At 9 o'clock that night (Thursday) we were given orders to retire so we dismounted our guns & rushed them up to the lorry; meanwhile a party of marines arrived just to keep the fire up while our men left the trenches, & very soon afterwards Hawke Battalion started off on one of the most awful marches I should think it possible to experience. We marched right along past the Belgian batteries who were pounding away at the Germans & the shells were bursting all over the place, many of them quite near; it made me wonder how long it would be before we were struck down. That duel was the most awful thing I have ever seen; the country around was in many places in flames & and in the lurid glare we could see the gunners hard at work. Twice I saw a German shell burst right in the midst of a battery & and then all was quiet; all killed I expect. How far we marched through the country I don't know, but all night we passed burning farms, & batteries. Here and there we would meet two or three Belgians marching away from the fight, and here and there we would pass dead and dying men by the roadside. We continued until we passed some blazing oil tanks, & then we began to march beside the river.

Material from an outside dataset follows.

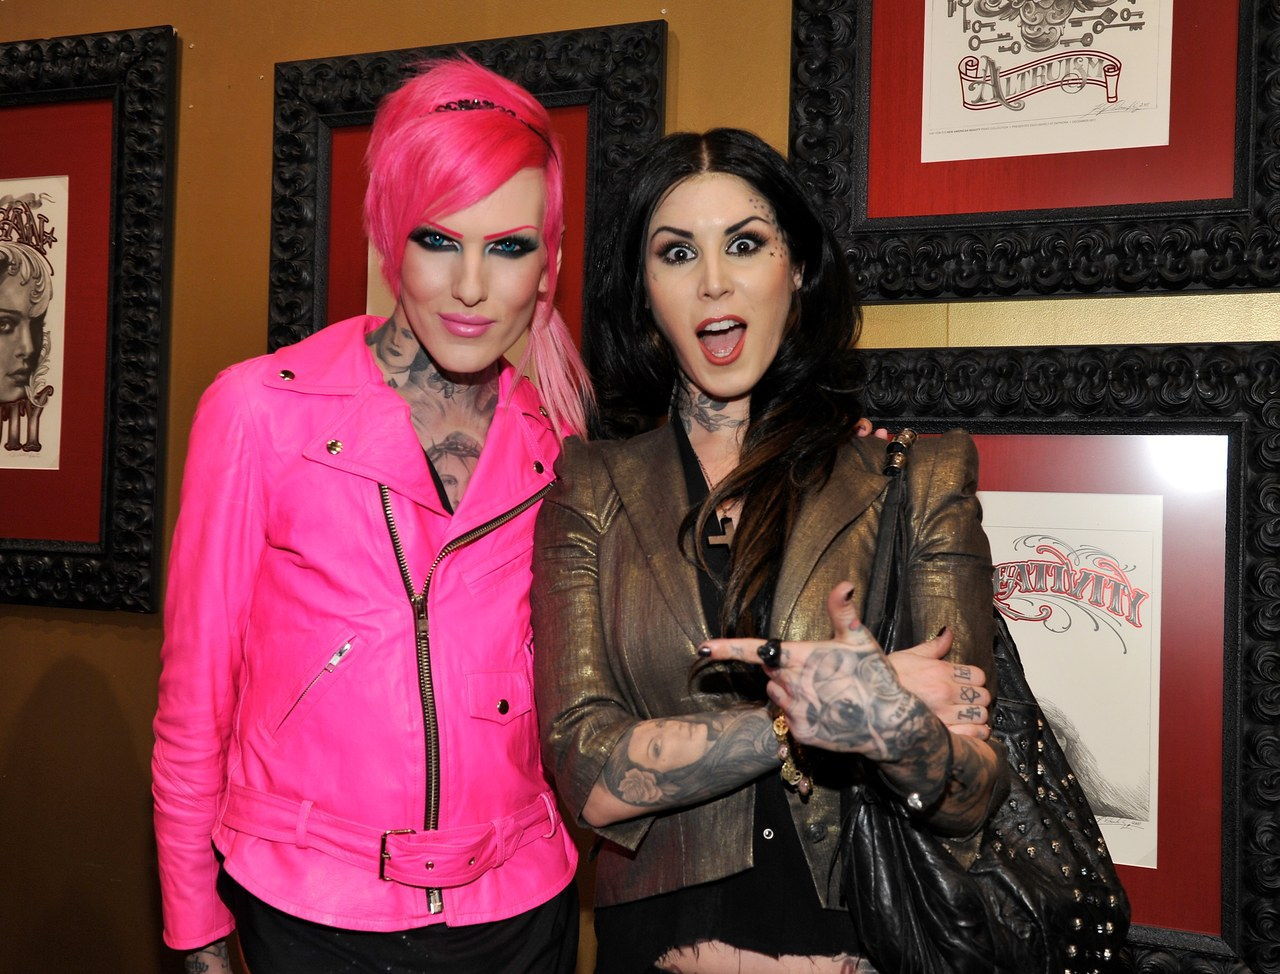 WEST HOLLYWOOD, CA - FEBRUARY 02: Jeffree Star and Kat Von D attends Sephora's VIP preview party for Kat Von D's New American Beauty art show at Wonderland Gallery on February 2, 2012 in West Hollywood, California. (Photo by John Sciulli/Getty Images For Sephora)

By this time a great many were feeling the strain & marched along as if they were dazed. I nearly went to sleep while marching, & got so fed up that I did not care one bit whether I survived or not, as along the docks the shells were bursting and smashing the houses. It was pitch dark here, & we almost had to grope our way. It was owing to this darkness that D company to which I belonged dropped behind & lost their way & have not been seen or heard of since, so heaven only knows what happened to them. My friend and I crawled under some railway trucks & joined up with the rest of our battalion. We thought the others were following but evidently they were not. However, we continued more dead than alive until we came to the Pontoon Bridge [over the Scheldt] which we crossed at 5 a.m. after marching for 8 hours.

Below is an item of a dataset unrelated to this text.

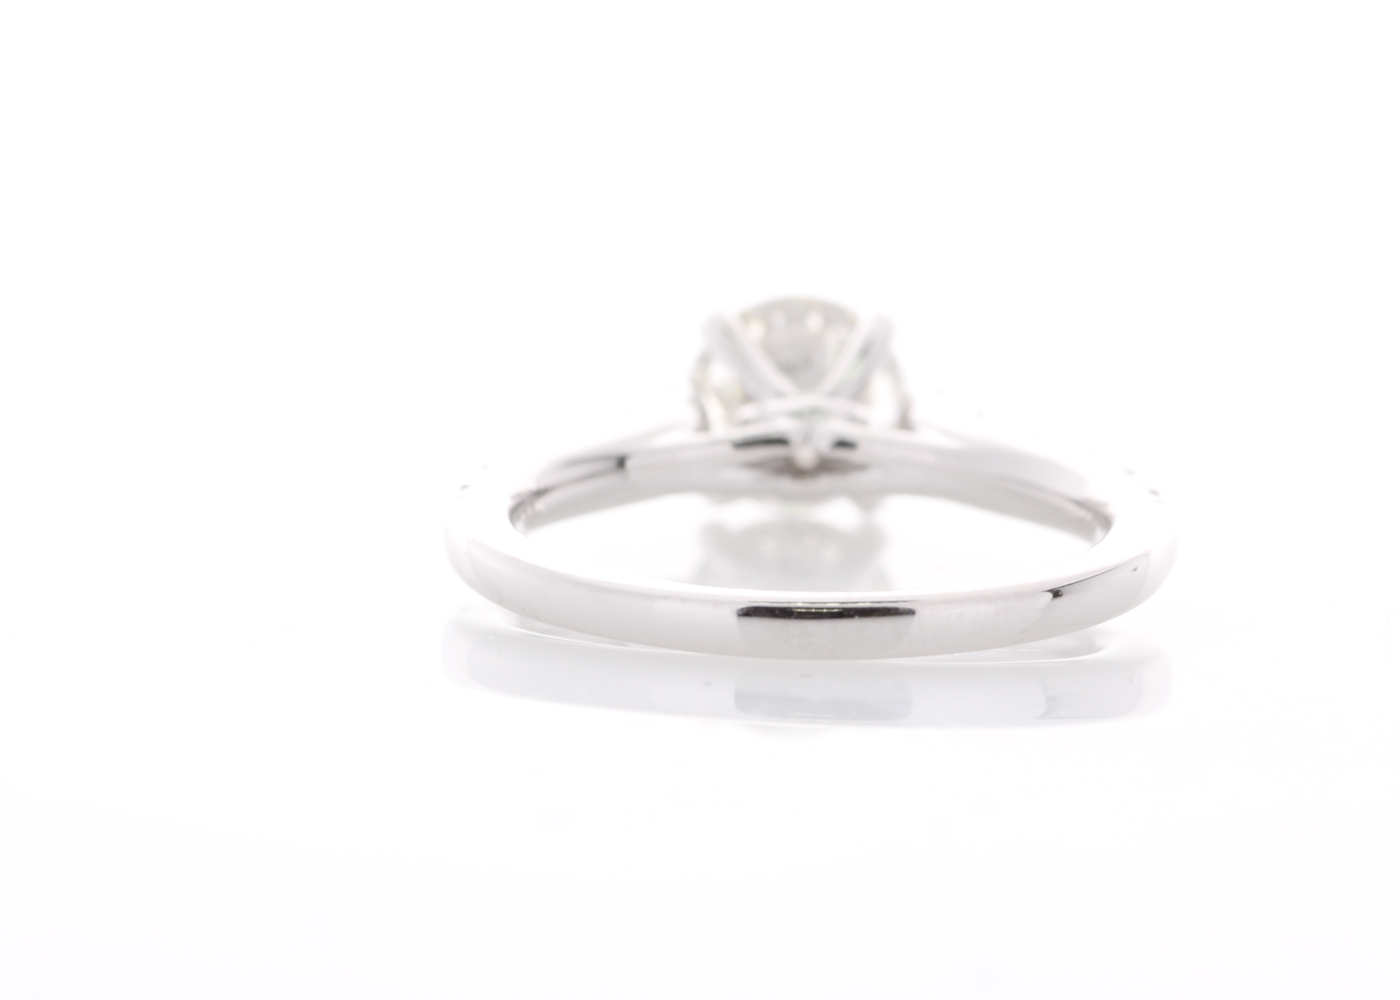 18ct White Gold Stone Set Shoulders Diamond Ring 1.47 Carats - Image 3 of 5

We rested for an hour at daybreak [i.e. on the 9th] & then continued our journey towards a place called St.Nicholas where we were to take the train for Ostend. We marched all day although we could hardly drag one foot before another, but just as we were nearing St.Nicholas we had to turn back as we were warned of the presence of a large body of Uhlans [German cavalry]. We marched back about 2 miles, & were then told that we had 4 miles to march in 3/4 hour or we should probably be cut off by the evening. Well, despite our feelings we marched like demons & almost reached our destination when a Belgian brought news that the Uhlans were just in front. We spread out in extended order & waited, but after a couple of shots the Uhlans, five in number, scooted when they saw how many of us there were, & we arrived safely at St.Gillis where we were going to take the train. Our commander heard however that the Germans were cutting off the line so he would not let us get on. It was lucky for us that we did not as that train was blown up with all the refugees on it. With no other course open we marched a further 4 or 5 miles into Holland where we had to lay down our arms."
Churchill later wrote:
"Only weak parties of Germans ventured beyond Lokeren during the night of the 9th-10th to molest the retreat of the Antwerp troops. The 2nd Belgian Division and two out of the three Naval Brigades came through intact. But the railway and other arrangements for the rear brigade [the 1st.] were misunderstood, and about two and a half battalions of very tired troops, who through the miscarriage of an order had lost some hours, were led across the Dutch frontier in circumstances on which only those who know their difficulties are entitled to form a judgement."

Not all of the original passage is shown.